_Supplied material_
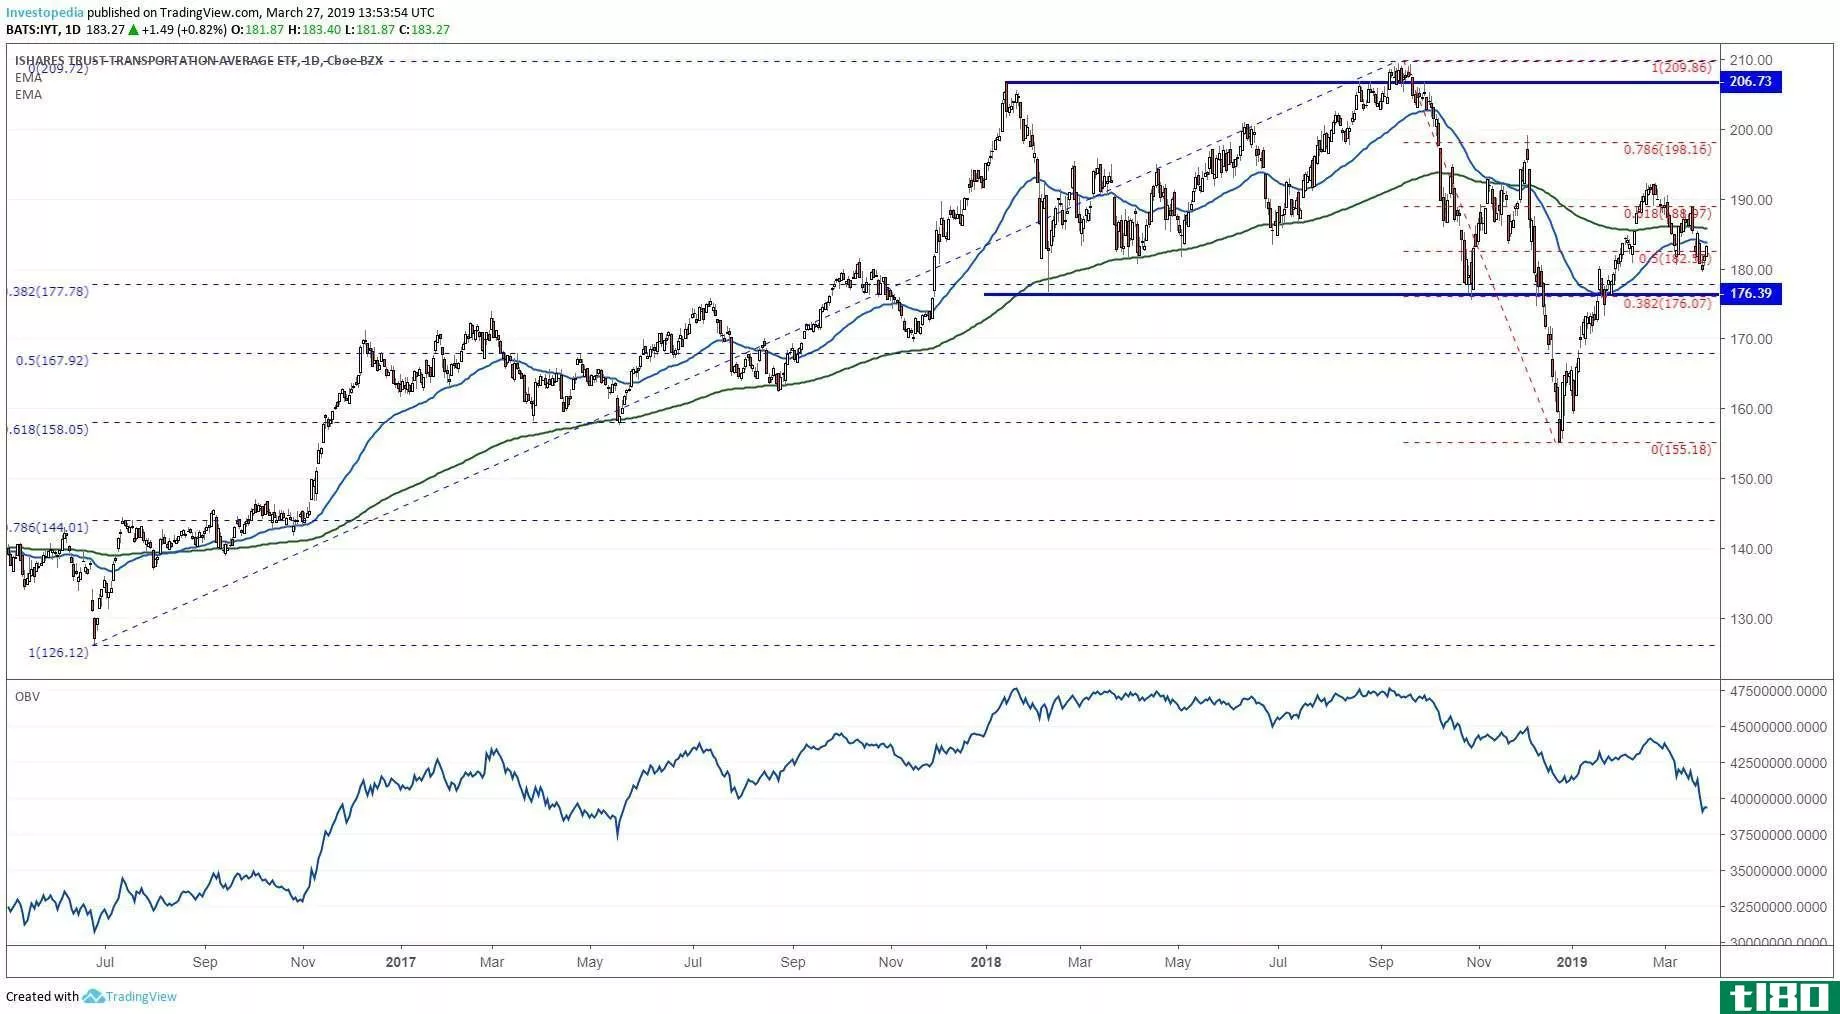 Technical chart showing the share price performance of the iShares Dow Jones Transportation Average Index Fund ETF (IYT)
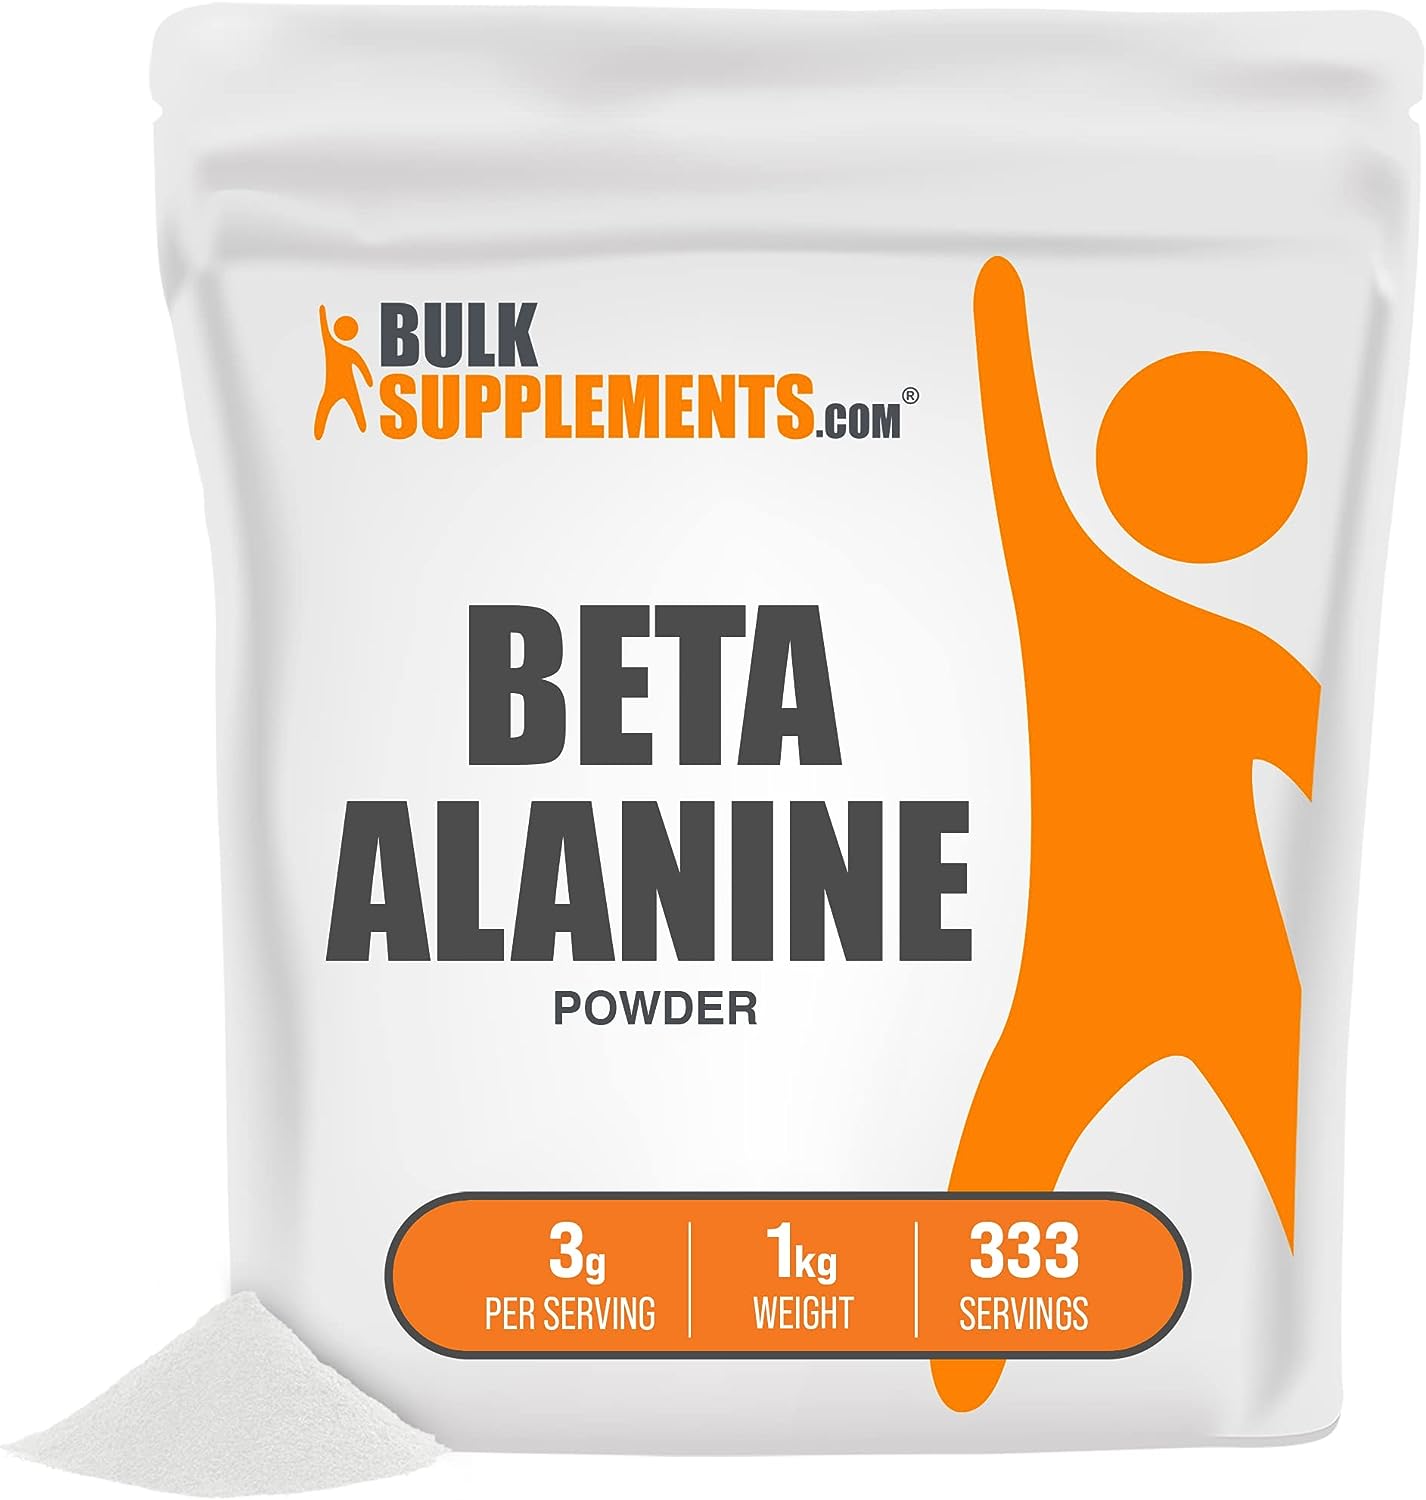 Beta Alanine Powder - Unflavored Pre Workout - Beta Alanine Supplement - Vegan Pre Workout - Pre-Workout for Women & Men - Muscle Recovery Supplements (1 Kilogram - 2.2 lbs)
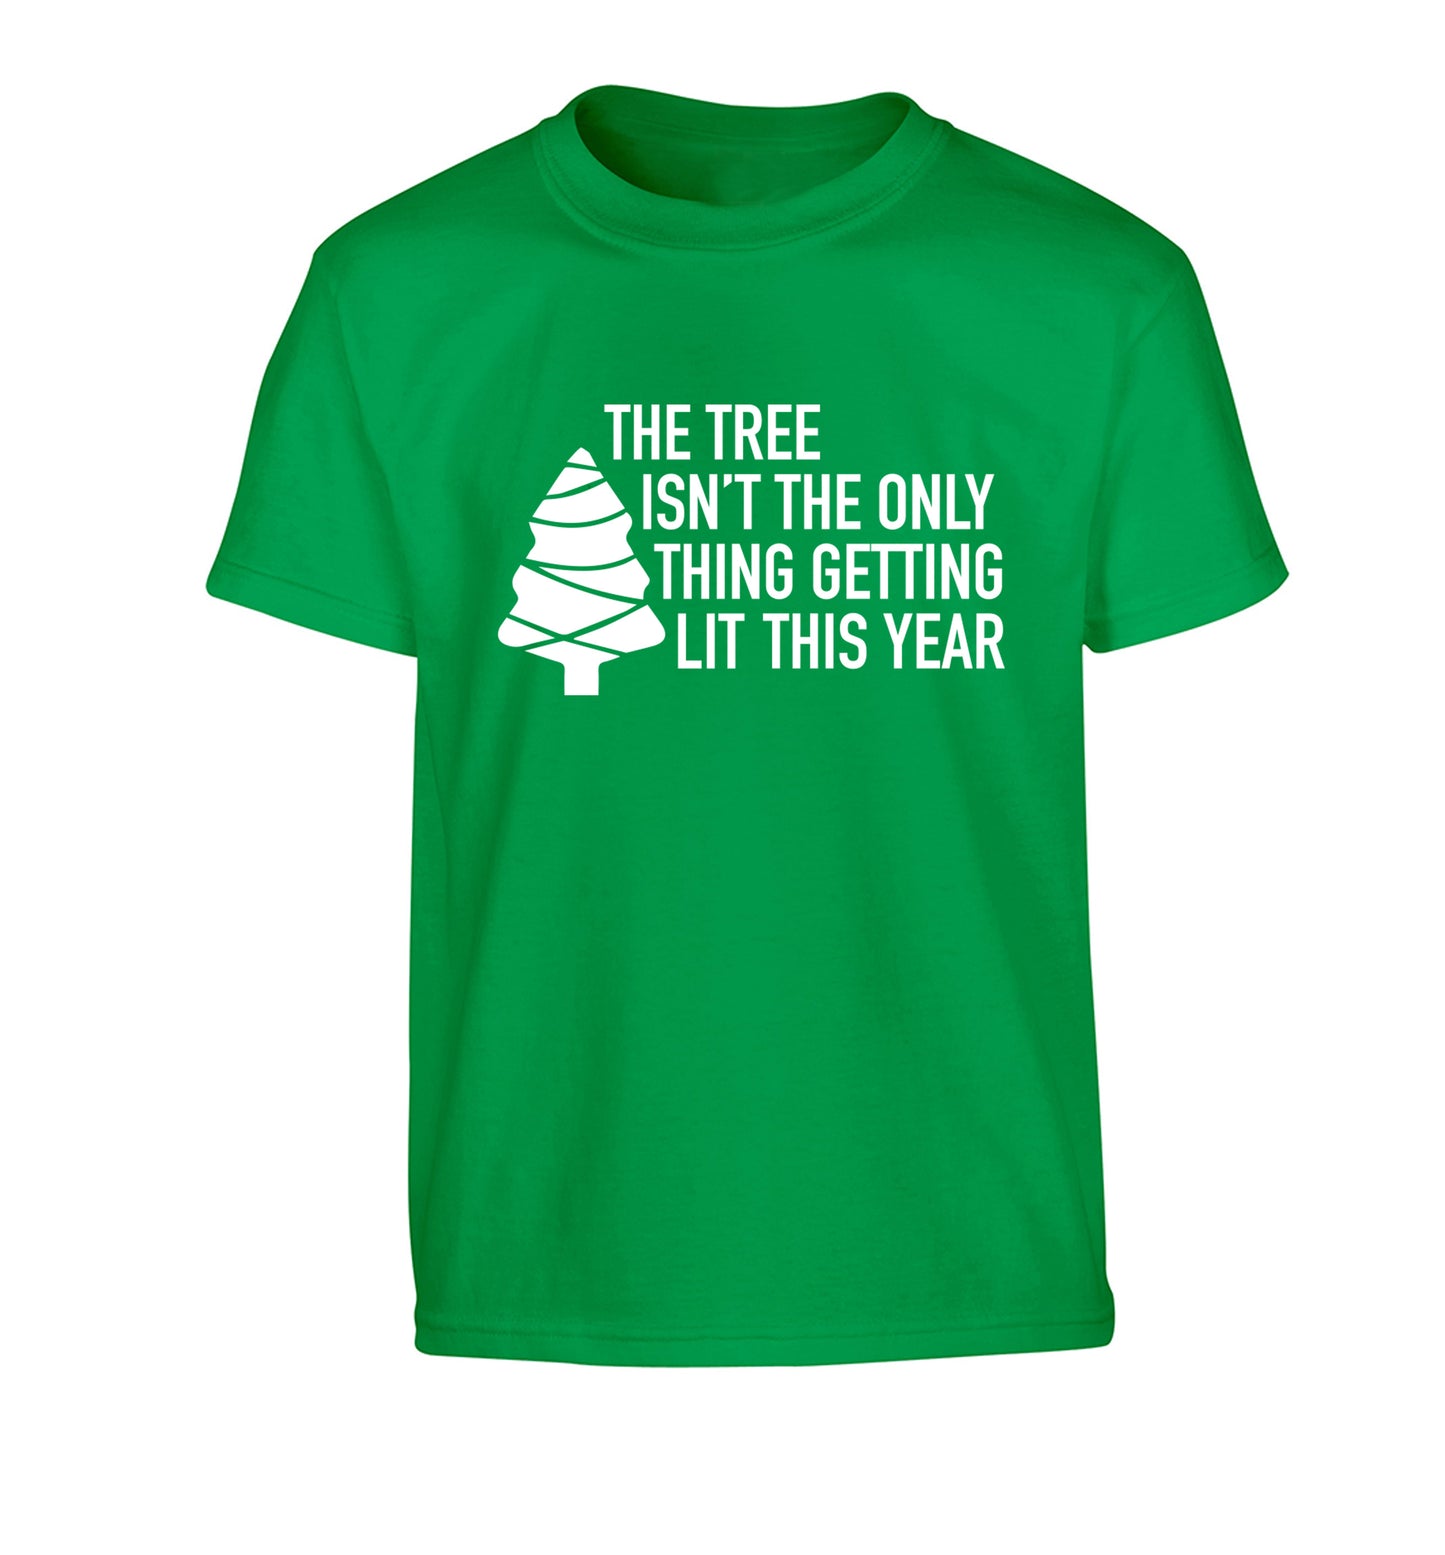 The tree isn't the only thing getting lit this year Children's green Tshirt 12-14 Years

_Work instruction_
Write the lines above out again exactly, excluding every picture.

_Result of this exercise_
 Technical chart showing the share price performance of the iShares Dow Jones Transportation Average Index Fund ETF (IYT)
 Beta Alanine Powder - Unflavored Pre Workout - Beta Alanine Supplement - Vegan Pre Workout - Pre-Workout for Women & Men - Muscle Recovery Supplements (1 Kilogram - 2.2 lbs)
 The tree isn't the only thing getting lit this year Children's green Tshirt 12-14 Years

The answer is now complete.